Set every record down again exactly. Do not carry over the pictures.
━━ THE DATA ━━
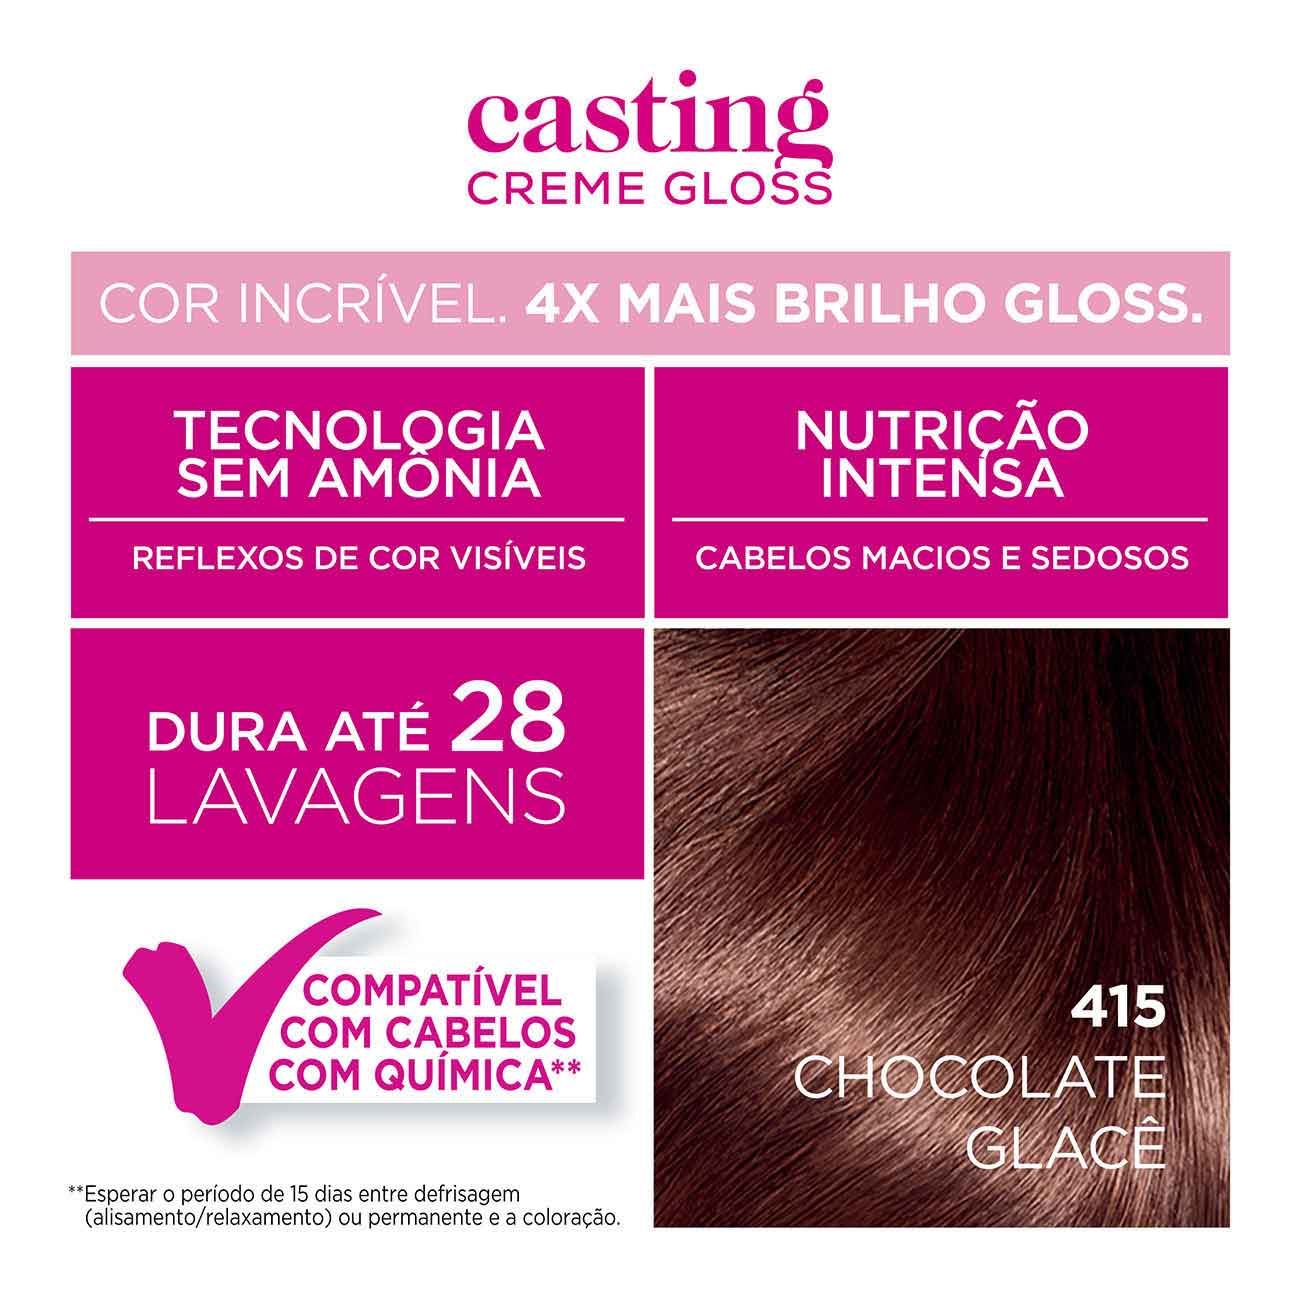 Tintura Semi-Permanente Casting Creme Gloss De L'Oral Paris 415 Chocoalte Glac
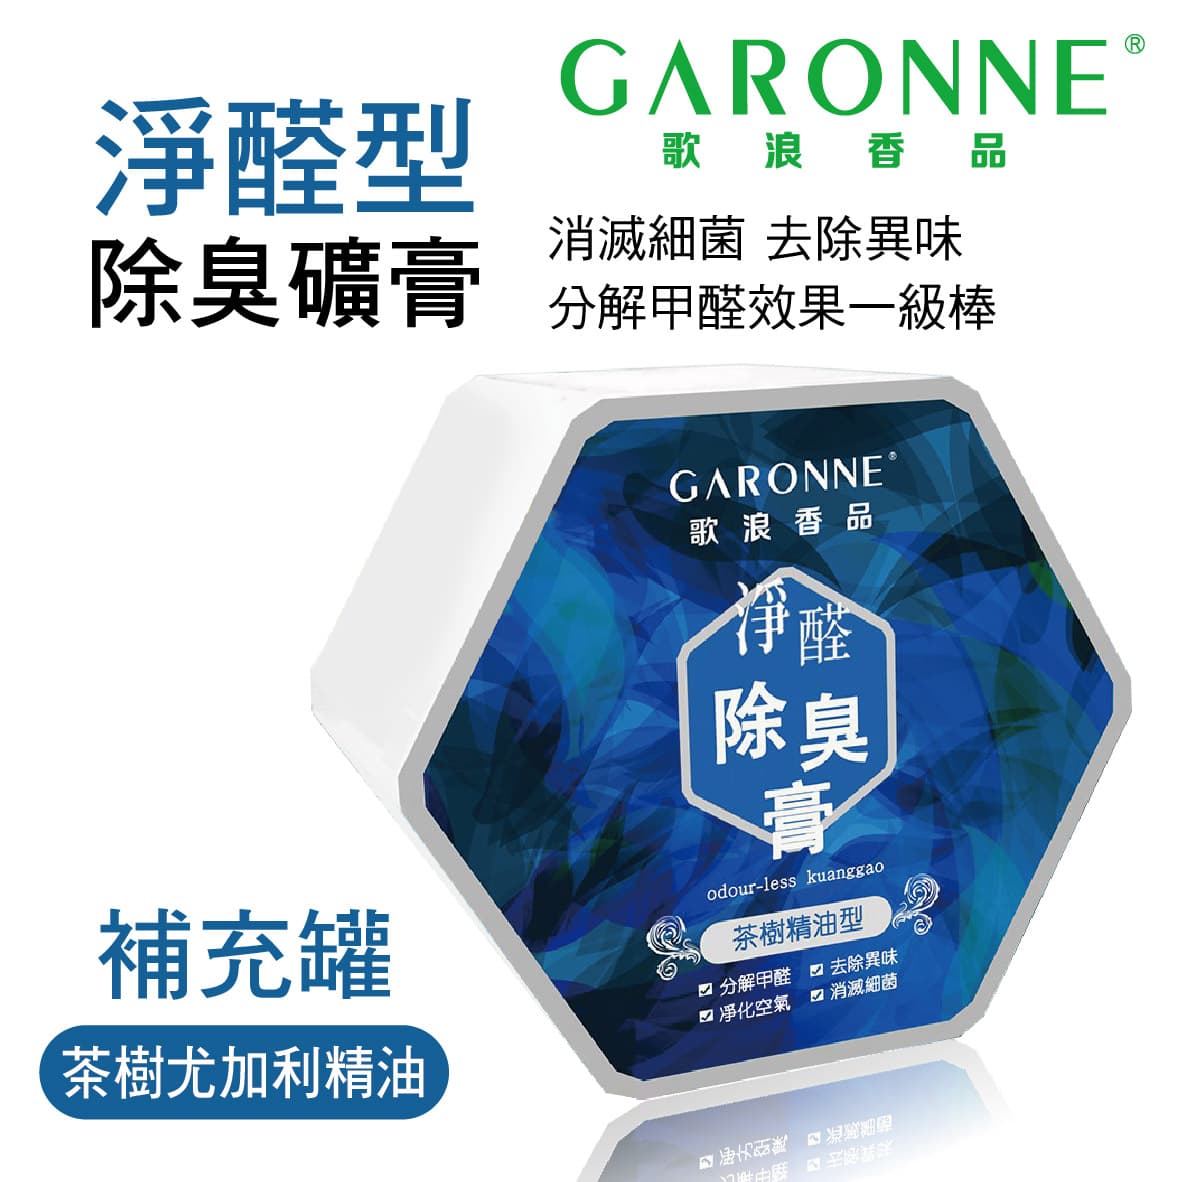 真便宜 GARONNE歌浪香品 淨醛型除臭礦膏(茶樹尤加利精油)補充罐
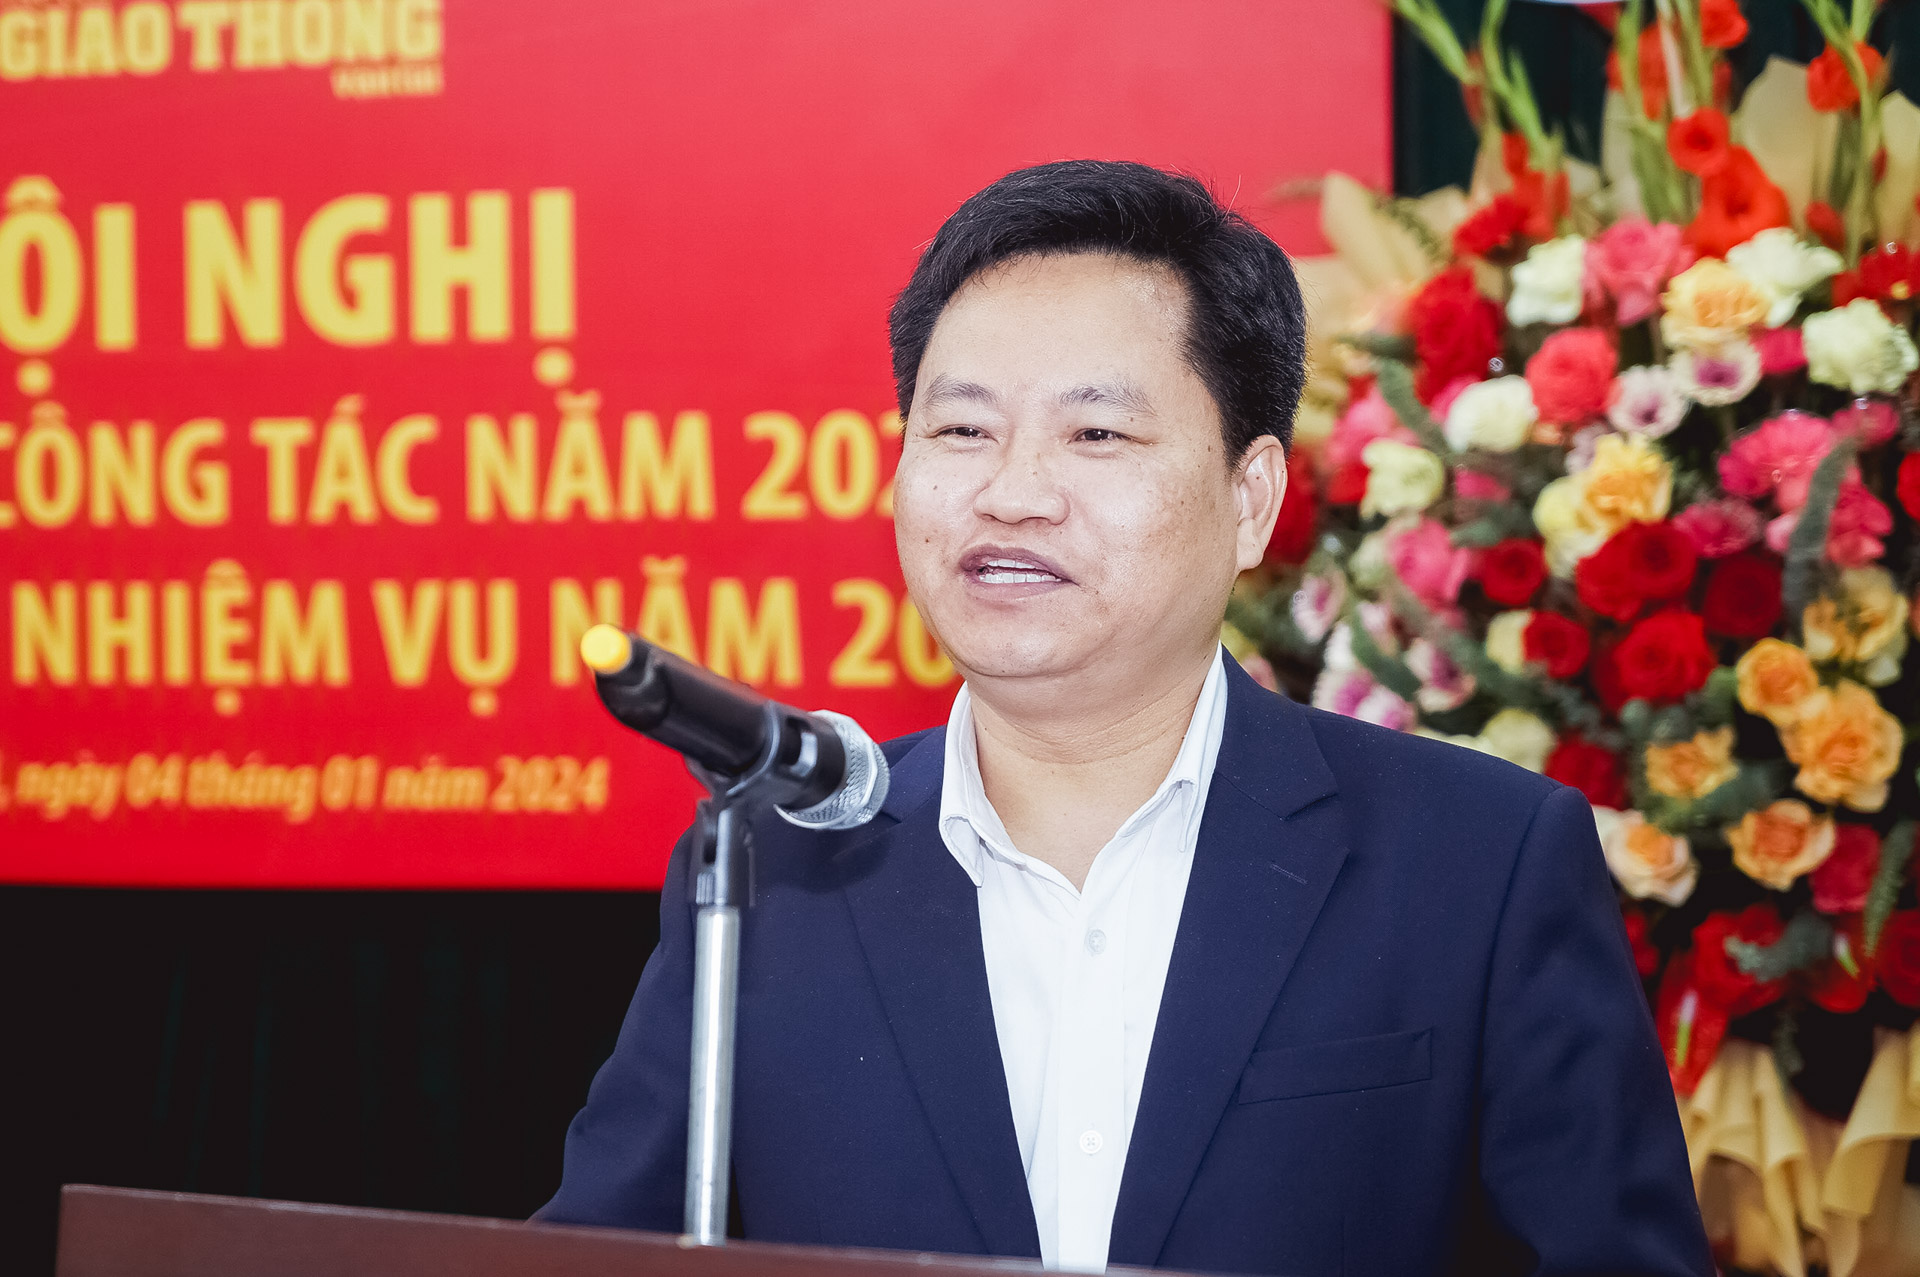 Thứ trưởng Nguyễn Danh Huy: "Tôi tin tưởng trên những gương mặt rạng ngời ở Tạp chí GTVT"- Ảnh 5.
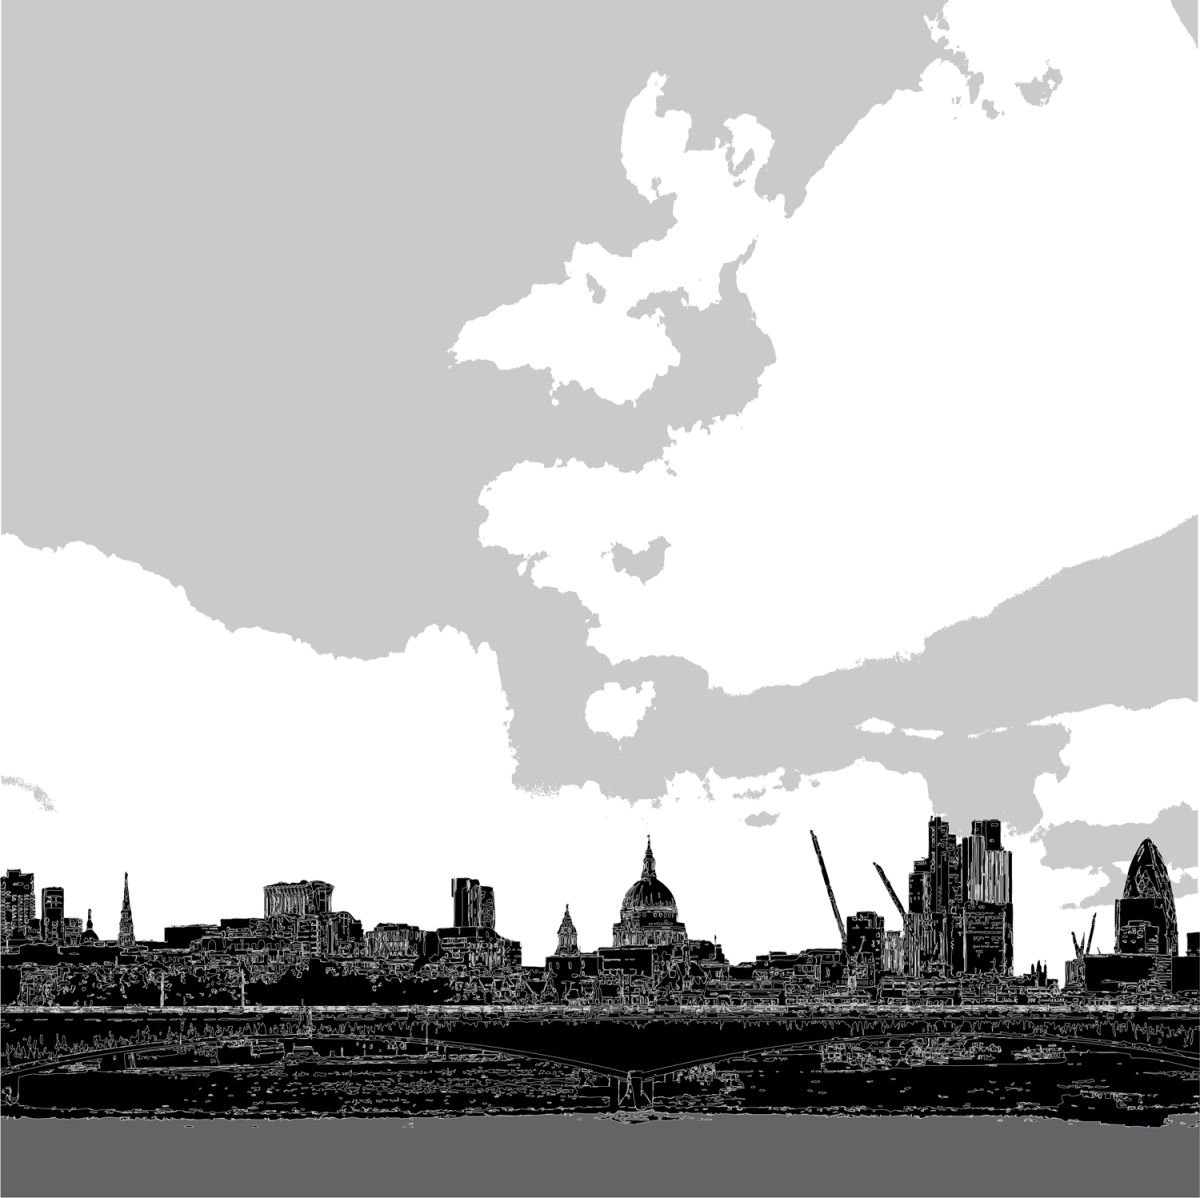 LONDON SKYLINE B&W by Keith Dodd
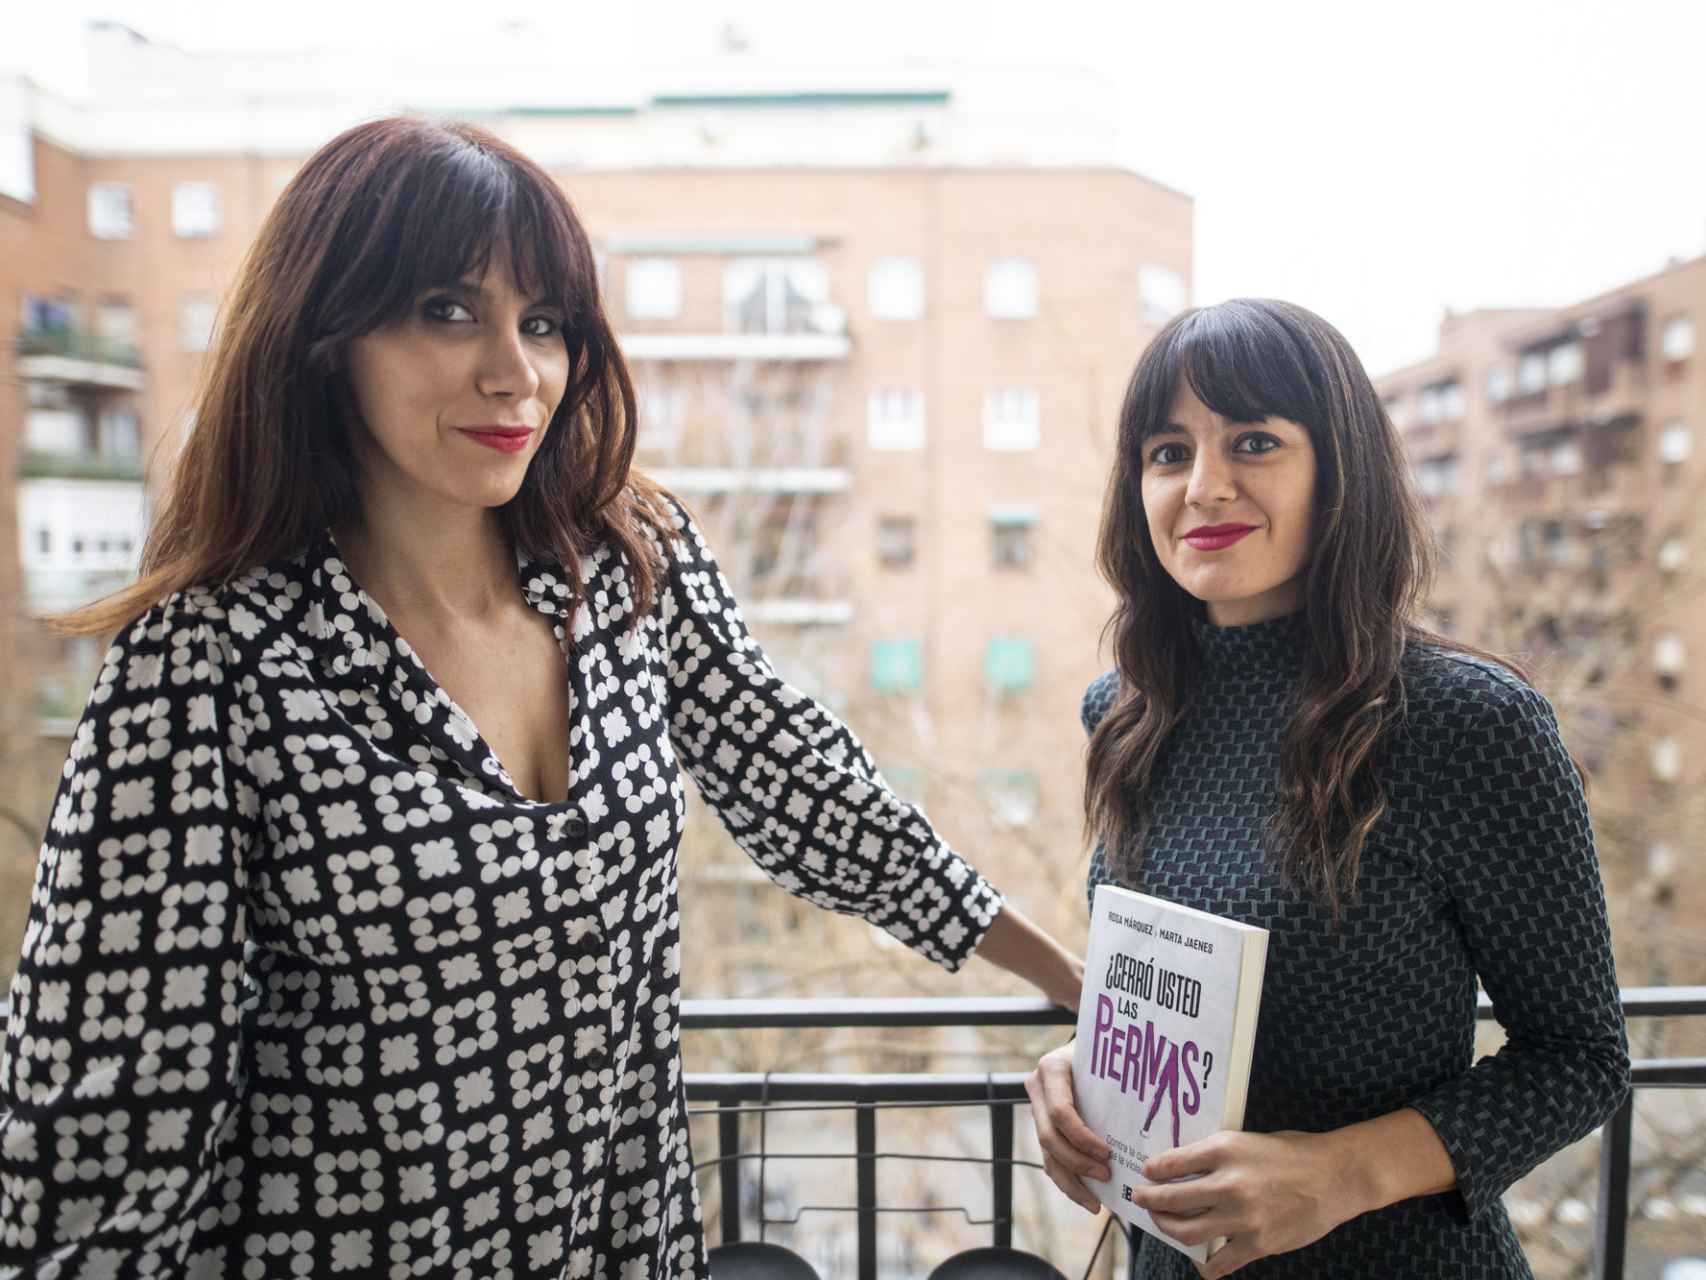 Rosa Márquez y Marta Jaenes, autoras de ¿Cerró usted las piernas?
━━━
• [YOUR SOLUTION]
 Tintura Semi-Permanente Casting Creme Gloss De L'Oral Paris 415 Chocoalte Glac
 真便宜 GARONNE歌浪香品 淨醛型除臭礦膏(茶樹尤加利精油)補充罐
 Thứ trưởng Nguyễn Danh Huy: "Tôi tin tưởng trên những gương mặt rạng ngời ở Tạp chí GTVT"- Ảnh 5.
 LONDON SKYLINE B&W by Keith Dodd
 Rosa Márquez y Marta Jaenes, autoras de ¿Cerró usted las piernas?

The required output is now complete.